Humans can distinguish thousands of colors despite having only three types of cone photoreceptors (red, green, and blue) through a process known as color mixing and the phenomenon of color opponency. Each type of cone responds to different wavelengths of light, and the brain combines the input from these cones in various proportions to perceive a wide spectrum of colors. This trichromatic theory of color vision explains how various combinations and intensities of the red, green, and blue signals can create the perception of virtually any color. Additionally, the color opponency mechanism, which involves the processing of colors in opposing pairs (red-green, blue-yellow), enhances color discrimination and helps in distinguishing subtle differences in color despite the limited types of cone receptors.

100
Q

What predictions could you make about what would happen to vision in an individual with a degenerative disease that destroyed the horizontal cells of the retina?

A

If an individual had a degenerative disease that destroyed the horizontal cells of the retina, several significant changes in visual perception could be predicted.
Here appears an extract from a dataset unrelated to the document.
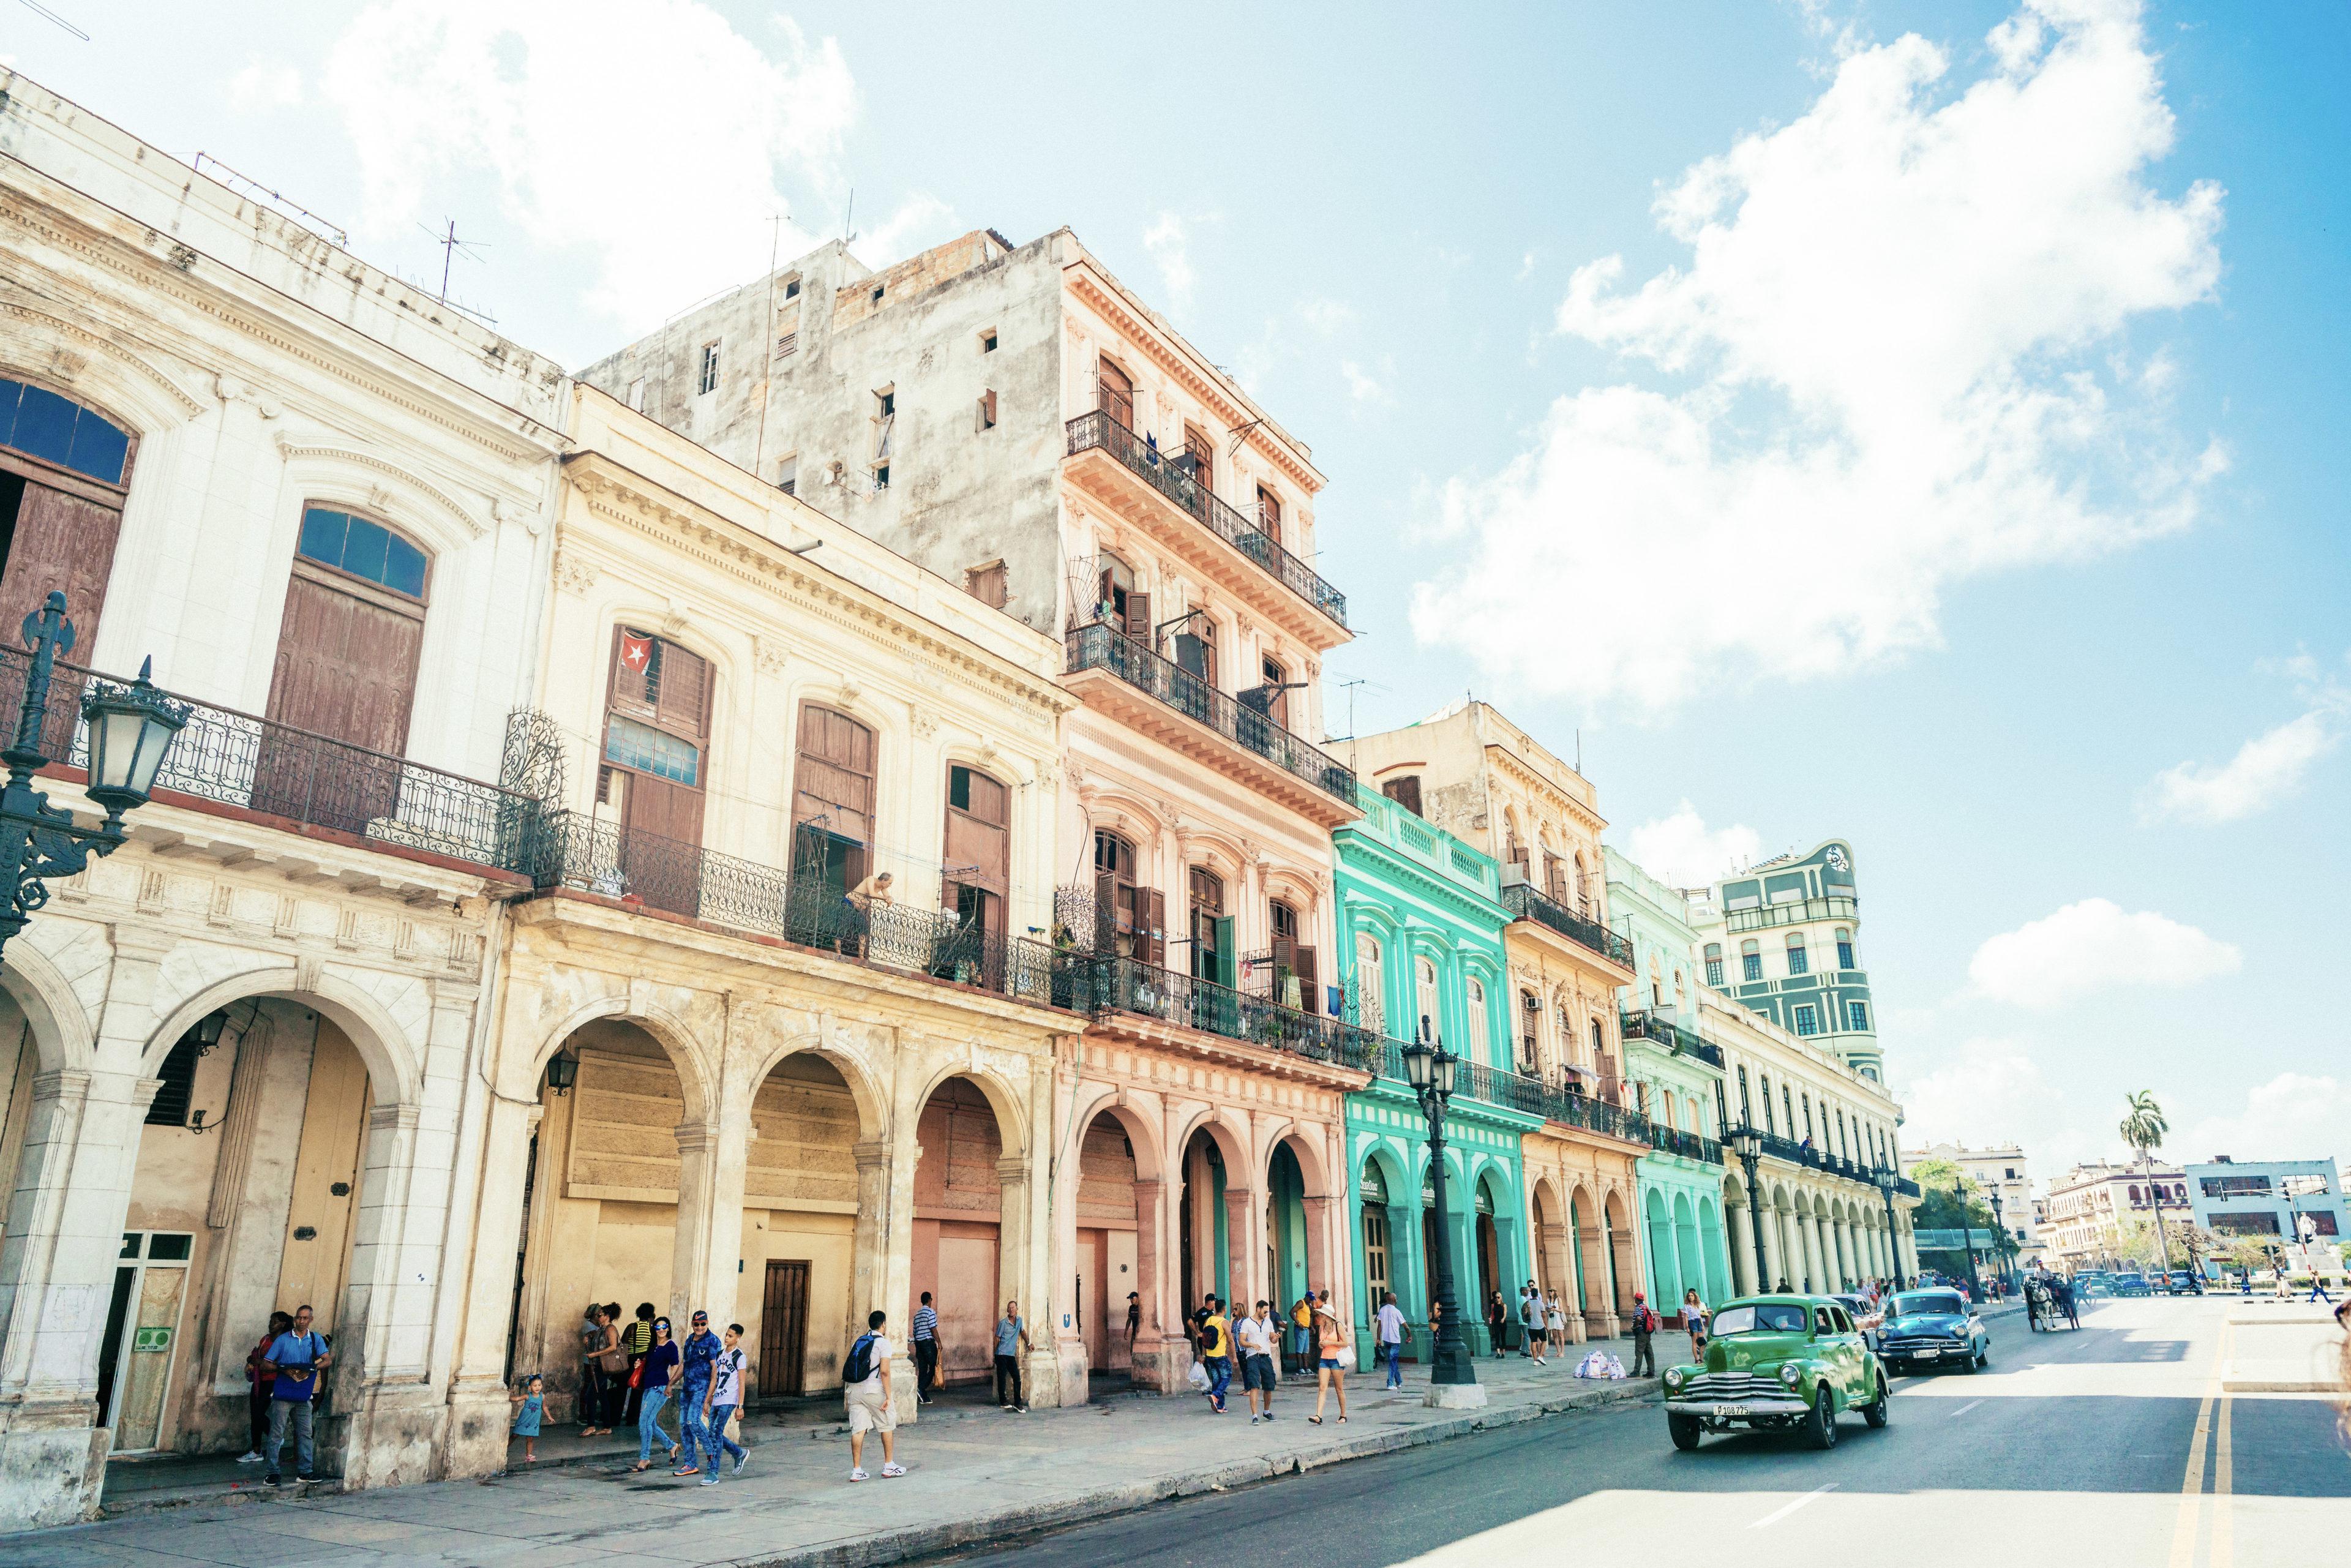 Häuserfront in Habana Vieja
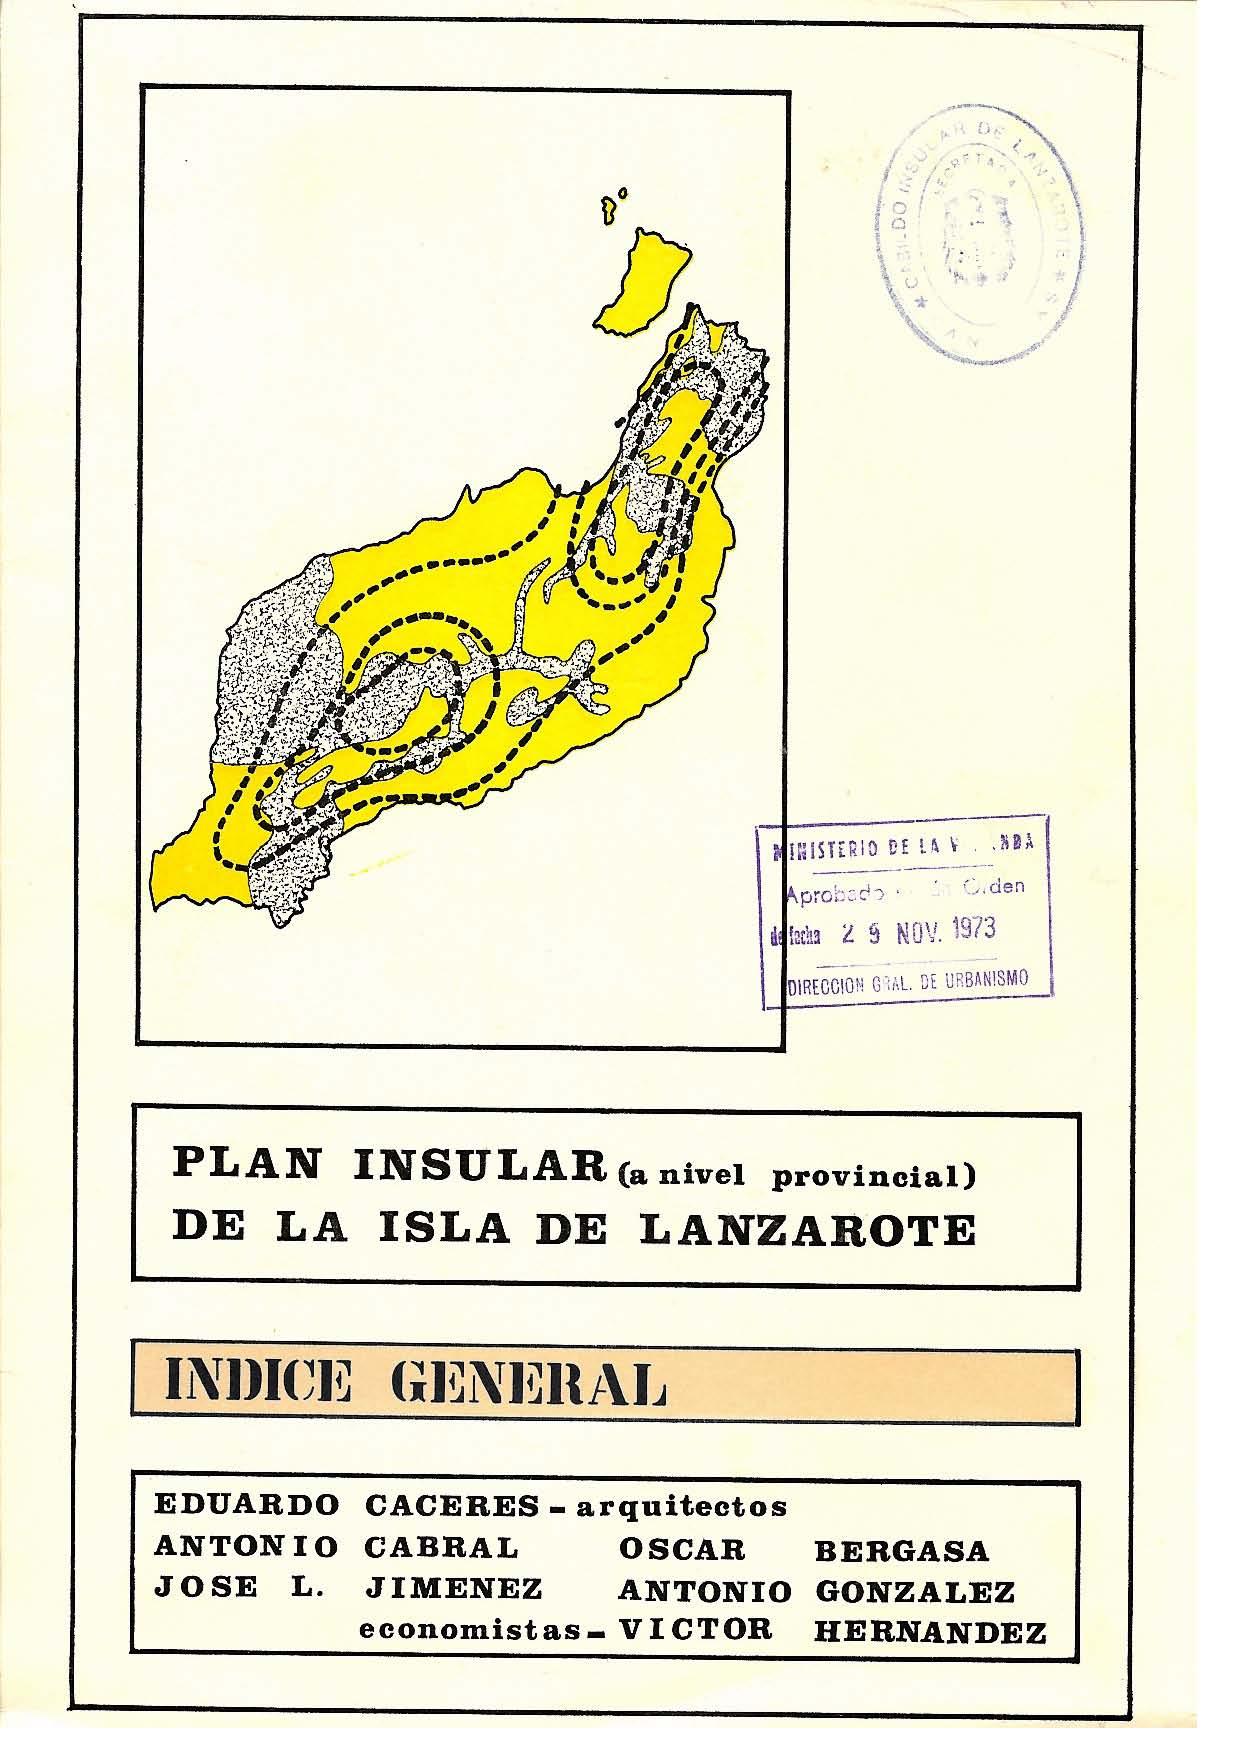 Índice General (Plan de 1973)

Horizontal cells are crucial for integrating and regulating the input from multiple photoreceptors, particularly influencing contrast enhancement and color perception by inhibiting nearby photoreceptors and bipolar cells. Without horizontal cells, the individual would likely experience a decrease in visual contrast, making it harder to distinguish edges and contours. Additionally, there might be a reduction in the ability to perceive fine detail and a decrease in the dynamic range of vision, leading to difficulties in adapting to different lighting conditions. Overall, the visual system’s ability to process complex visual scenes effectively would be significantly impaired.